Dans son livre, Victor Hell qui y était également et dont j’ai fait la connaissance à ce moment là raconte :
« Pour sa première représentation, en 1975, dans la grange communale de Bendorf, le groupe théâtral a fait preuve de perspicacité en mettant en scène, sous le titre D’r Schollesepp une adaptation de la pièce de l’auteur danois Holberg (1684-1754), Jeppe paa Bierget, dont l’action et les péripéties correspondent parfaitement aux problèmes d’une région multilingue à l’époque pré-révolutionnaire ; les nobles parlaient français, élégamment, le peuple s’exprimait en dialecte, la justice était rendue en latin (depuis lors, la justice, c’est-à-dire l’institution qui se réclame de cette notion, même si elle a abandonné le latin, a gardé un langage étranger à la masse des citoyens). [J’étais l’un des adaptateurs de ce texte avec François Dangel qui en fit la mise en scène]. En 1976, on joua à Bendorf D’r brav’ soldat Schweik. Lorsque Nathan Katz apprit au début de 1977 que son Annele Balthasar de 1924 serait représentée cette année même, à Bendorf, il était encore très affaibli par la maladie qui avait failli lui être fatale ; la nouvelle le transforma littéralement ; le vieux poète, qui venait de côtoyer la mort, retrouva, comme par miracle, sa jeunesse d’esprit et sa vigueur. Tout illuminé intérieurement, la figure émaciée par les souffrances, le vieux poète me confia : Je vais revoir la chère Annele Balthasar. Je comprends que le personnage qu’il porte en lui depuis plus de cinquante ans, qui n’a jamais été une de ces «schwankende Gestalten» dont parle Goethe au début de son Faust, que cette frêle jeune fille, encore adolescente, est présente maintenant dans cette chambre d’hôpital toute blanche tout comme l’a été, il y a quelque temps, dans le clair-obscur du petit salon-bibliothèque à Mulhouse, la vieille mère, partie à la recherche de son fils. Désormais, Annele Balthasar ne quittera plus le poète. Il n’y a, dans la joie qui irradie Nathan Katz, aucune infatuation d’auteur ; le poète se réjouit de retrouver son Sundgau natal, les paysages familiers, le monde de son enfance. Malgré ses infirmités et les dangers que son audace peut lui faire courir, il est décidé à assister au moins à une des représentations de Bendorf. L’accueil que le public, où se mêleront jeunes et vieux, fera au poète sera un des grands moments dans la vie de Nathan Katz ».
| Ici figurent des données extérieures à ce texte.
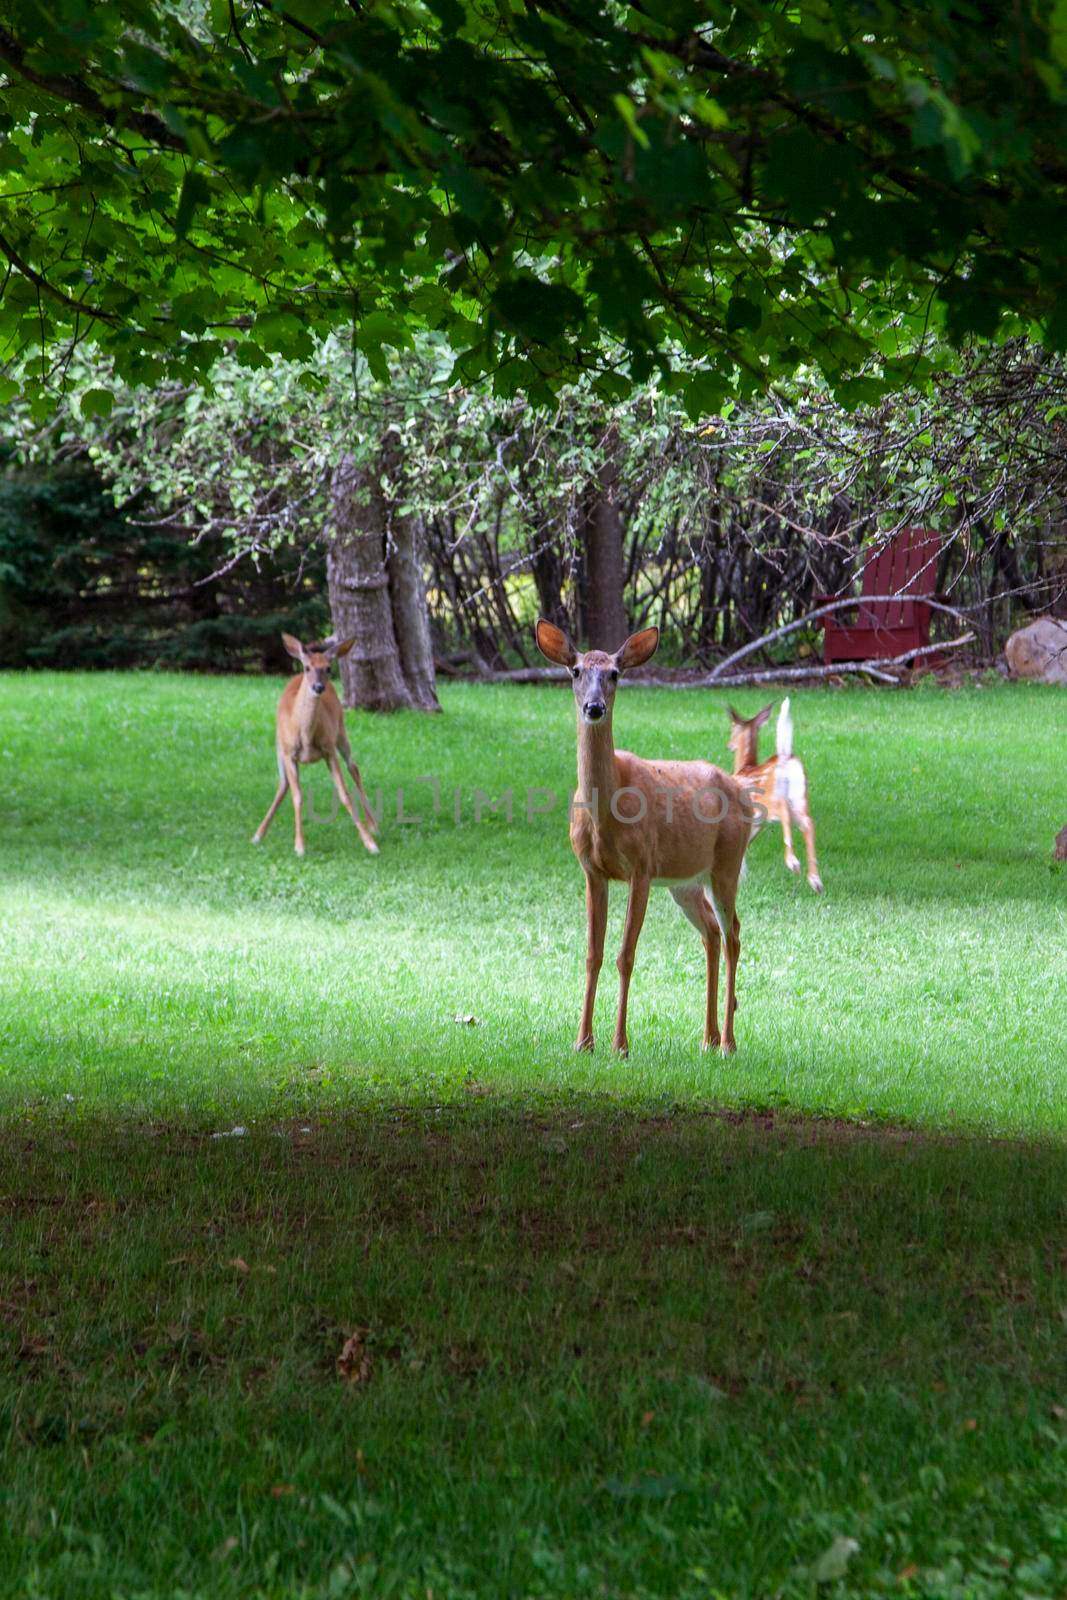  a female deer stands in front of her young, protectively, as the photographer approaches

(Victor Hell Nathan Katz itinéraire spirituel d’un poète alsacien, Editions Alsatia 1978 page 57
Nathan Katz viendra deux fois à Bendorf.
Si j’évoque ces anecdotes, c’est en raison de la réédition prochaine en version bilingue du texte aux éditions Arfuyen.
Et nous commencerons comme d’habitude par un extrait en alémanique puis en français :
Annele Balthazar quoique acquittée de l’accusation de sorcellerie est morte. Nous sommes 70 ans, après l’échec de la Guerre des paysans, au temps des procès de sorcellerie. Doni son amoureux accuse dans la scène finale :
« Doni
In da nass chalt Bode wai si di ineläge, maidle ? !… As säll denn jetz ein dr müet derzüe ha, fir züe dr z’chu,… wu de so rein doligsch !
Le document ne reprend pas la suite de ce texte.